GRAND RAPIDS, Mich. — Concerns over the coronavirus have quickly become an everyday part of our lives, and some are concerned about how the virus will affect our pets.
In February, health officials in Hong Kong confirmed a German shepherd tested "weak positive" for COVID-19. According to a report out of Hong Kong, the German shepherd along with a second dog were sent for quarantine, but it was their owner who was infected with the coronavirus.
The Hong Kong government urged pet owners not to leave their pets alone and to stop kissing them. The story made its rounds on social media, gaining international traction and fueling fear that humans could pass COVID-19 to their pets or vice versa.
However, according to Dr. Ryan Carpenter with Family Friends Veterinary Hospital, it's unlikely that our dogs will get COVID-19. There is currently no evidence that animals, including pets, can be infected with the coronavirus, and no evidence that animals can spread the virus in the U.S.

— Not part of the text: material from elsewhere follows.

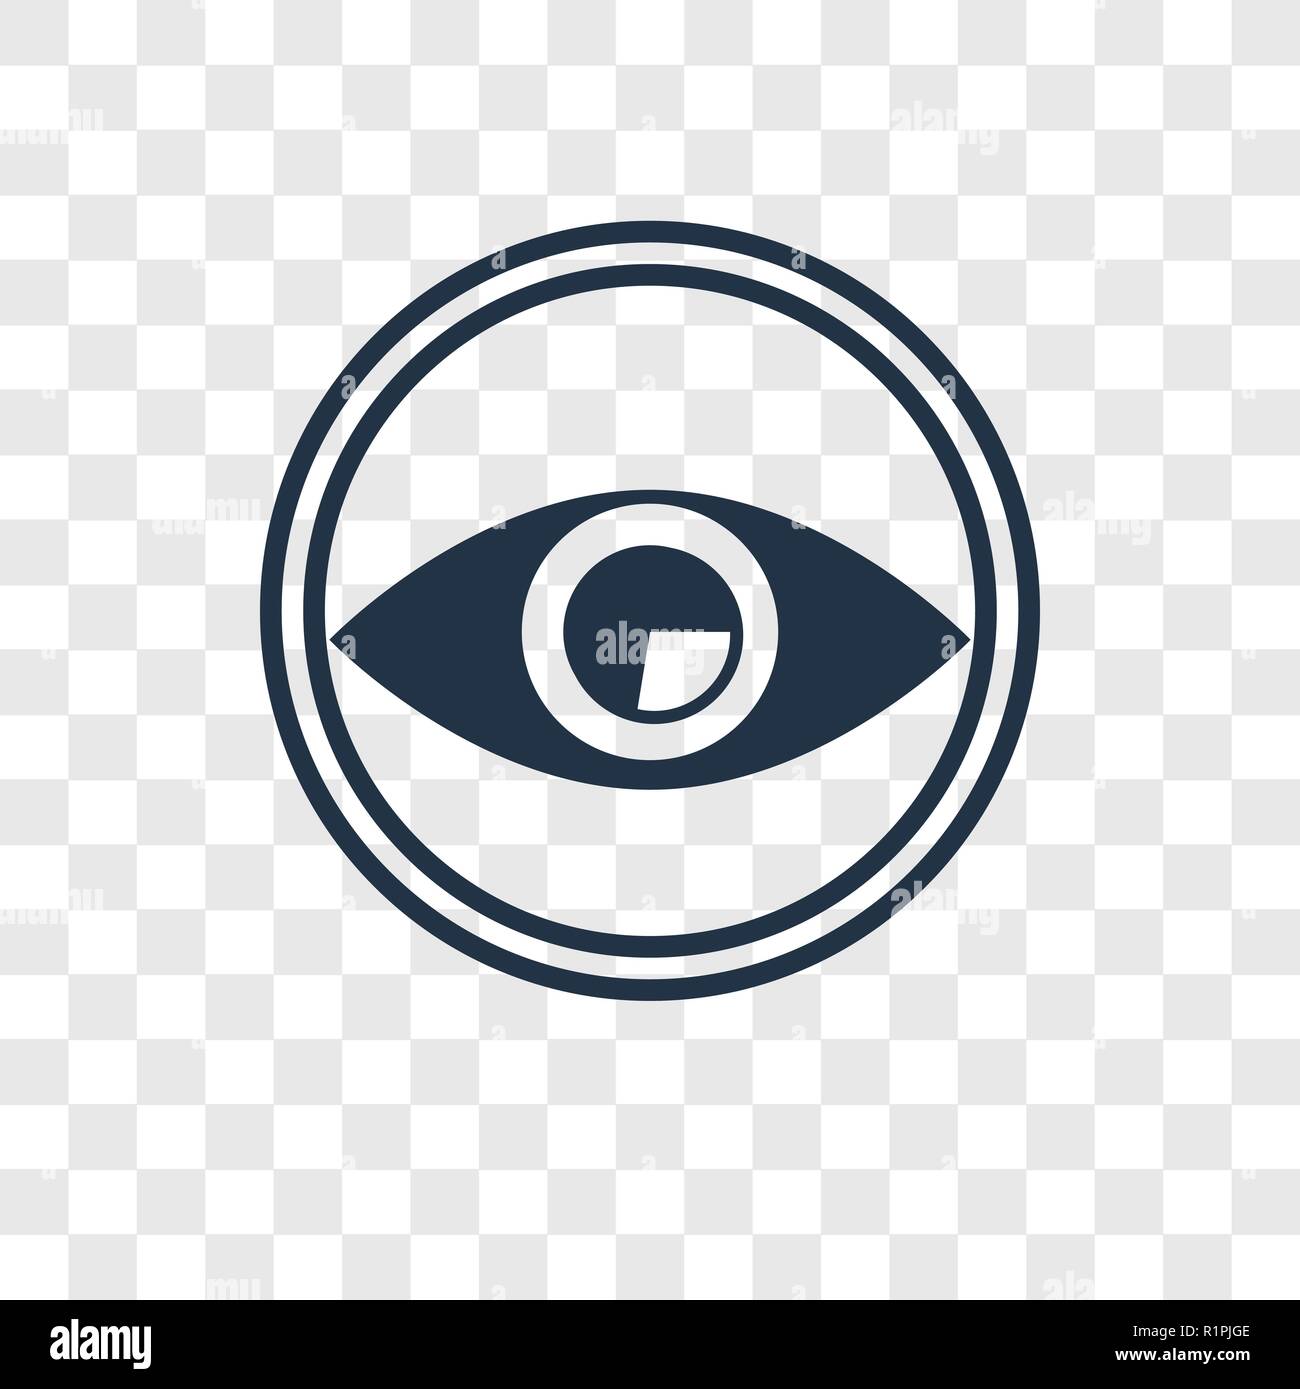 Auge vektor Icon auf transparentem Hintergrund isoliert, Auge Transparenz logo Konzept Stock Vektor

If pet owners are asked to self-quarantine or become ill due to the coronavirus, the Center for Disease Control and Prevention recommends:
- Maintain separation and avoid direct contact with pets and other animals, including petting, snuggling, being kissed or licked, and sharing food. Try to make alternative arrangements for someone to look after pets in case you become ill.
- If you must care for your pet or be around animals while you are sick, wash your hands before and after you interact with pets and wear a face mask.
Dr. Carpenter said pet owners to make sure they have up-to-date medical records should their dog or cat come down with any illness.
Pet owners should always have a “pet preparedness plan” in case of emergencies, including:
- Make sure you have enough food and products to care for your pet
- Identify a family member or friend who can care for your pet if you or someone in your house becomes ill
- Have crates, food and extra supplies on hand for quick movement
- Keep all animal vaccines up to date in the event boarding becomes necessary
- Ensure all medications are documented with dosages and administering directions.
- Have an identification collar for your pet: collar with ID tag and microchip
Dr. Carpenter also said that pet owners shouldn't worry about leaving their home for a vet visit -- many veterinary hospitals are now offering "telehealth" for pets so you can at least have a preliminary check-up with a professional.